Authored by BBlack on Jul 15 2015, 4:36 PM.
Experiment:
Raised cp1065 FE Cache size from 24G to 48G, then to 96G, for several days each.
No appreciable/consistent increase in hitrate
Conclusion: Hottest hits are well-contained within 24G, remaining potential hits are very-long-tail and thus difficult to capture within reasonable RAM-sizing bounds, no point increasing.
Ganglia data aggregated over all esams text-cache nodes
(used esams because tier1 BE stats are complicated by fetches from tier2 DCs)
ESAMS:
Effective FE Cache Size: 23G (weighted avg)
FE peaks in weekly graphs:
client_req: ~30K
cache_hit: ~22K
backend_req: ~6K
(2K discrepancy likely vcl_error (true errors, redirects) + PURGE)
(~79% true hit on non-error/redirect/PURGE)
cache_miss: ~2.8K
cache_hitpass: ~2.6K
s_pass: ~3.0K
(so basically, 50/50 split on true miss vs pass, most passes are hitpasses)
(keep in mind some "miss" may not be cacheable once fetched due to cache-control...)
Effective BE Cache Size: 13000G (sum)
(even for a very-long-tail, we'd expect some new hits here due to massive size...)
BE peaks in weekly graphs:
client_req: ~10K
(4K more than FE's backend_req.

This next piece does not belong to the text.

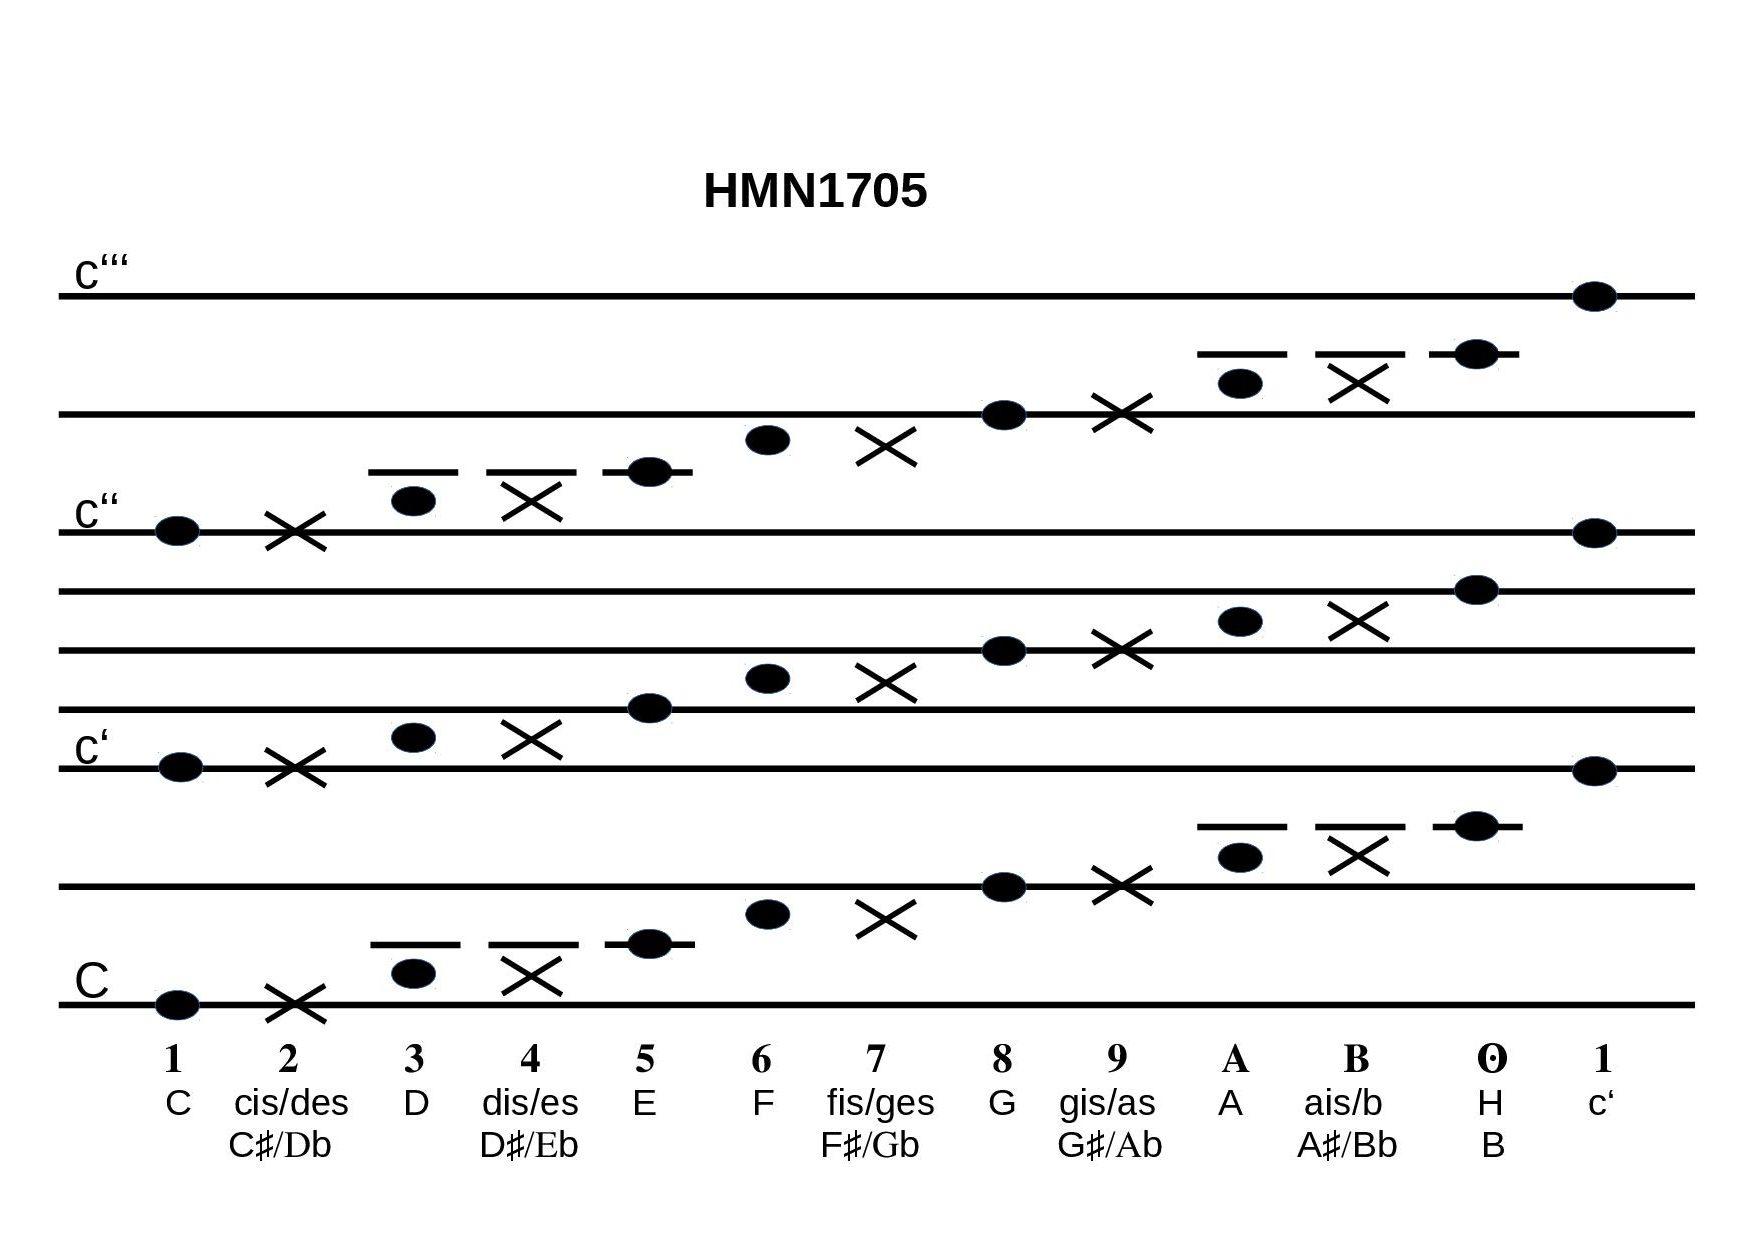 hamburgmusicnotation | numbered alternative notation for music jianpu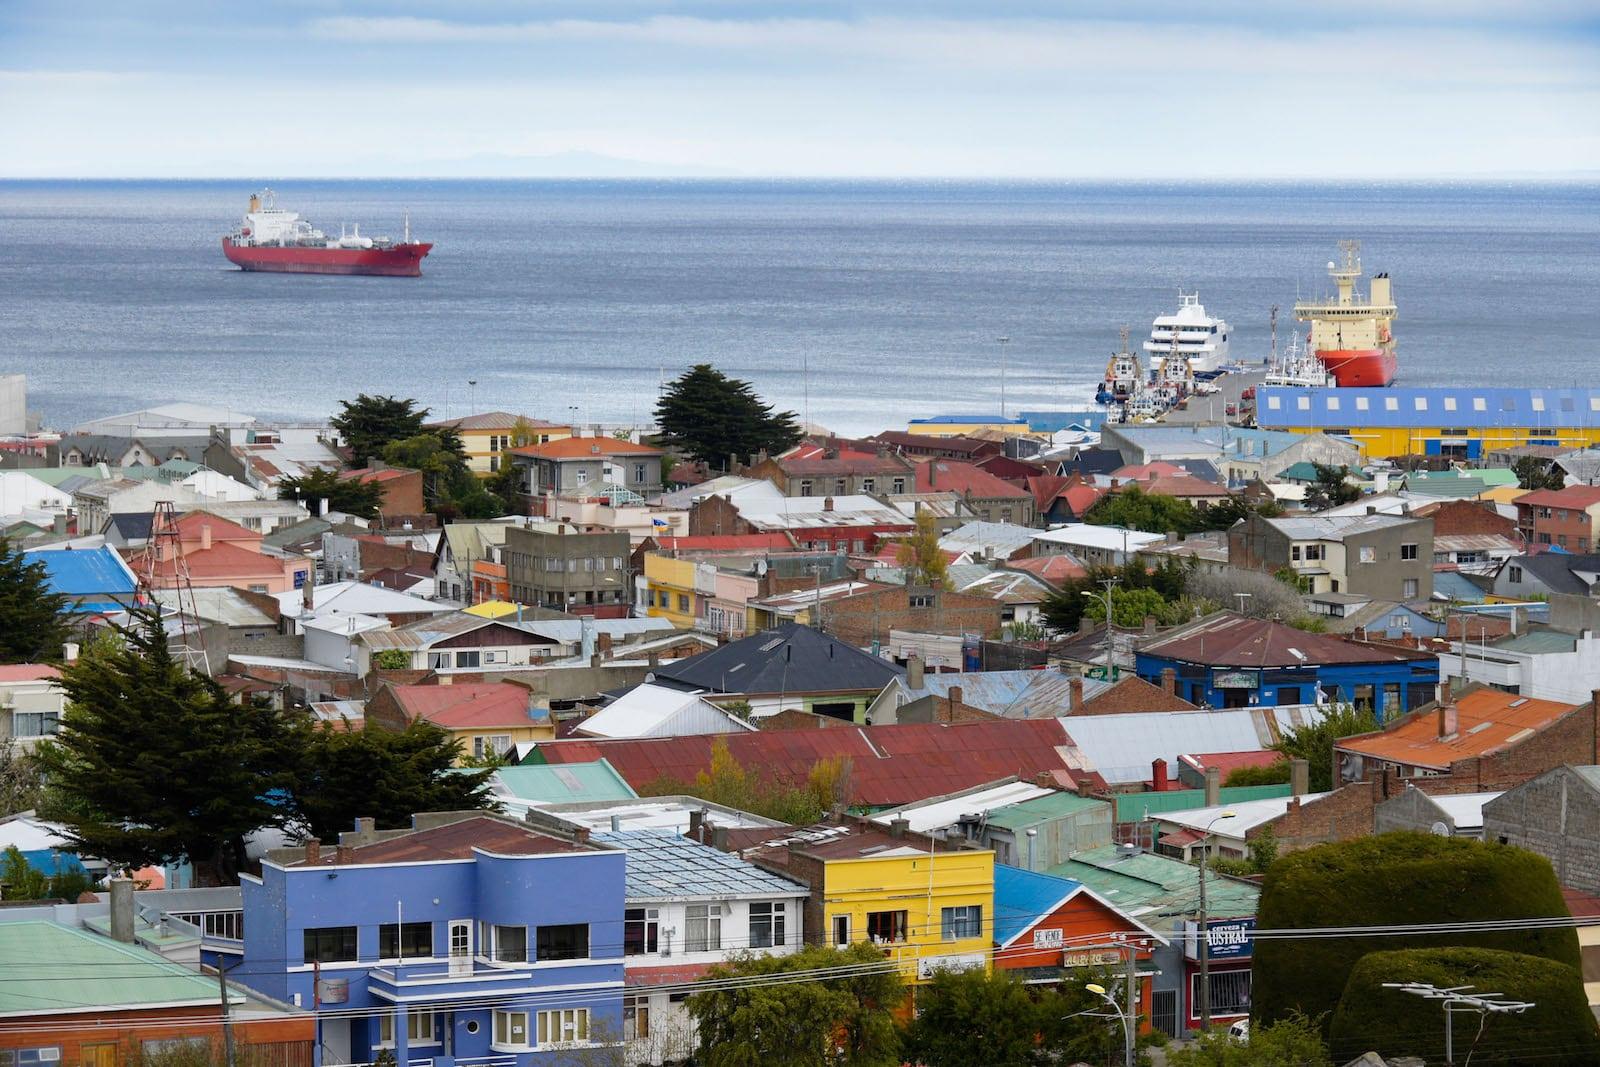 Punta Arenas, Chile. 350 kms

We can assume some is PURGE, perhaps some is FE error-restart not counting in FE.backend_req?)
cache_hit: ~3.5K
(how can this be higher than FE cache-miss? is BE caching a few things that cache-control allows, but FE explicitly pass/hitpass-es?)
backend_req: ~3.2K
(52% true hit - which is basically 10% true-hit on top of FE's true-hit, for total reqs)
(assuming the missing 3.3K is not "real" (PURGE + error + ??))
cache_miss: ~1.8K
cache_hitpass: ~1.0K
s_pass: ~1.5K
(would expect hitpass/pass to closely track FE, which means we have some pass/hitpass logic in FE that should be in BE but isn't)
(s_pass + cache_miss =~ 3.3K, FE s_pass is 3.0K, so perhaps if they were aligned on pass/hitpass, cache_miss would be ~0.3K?)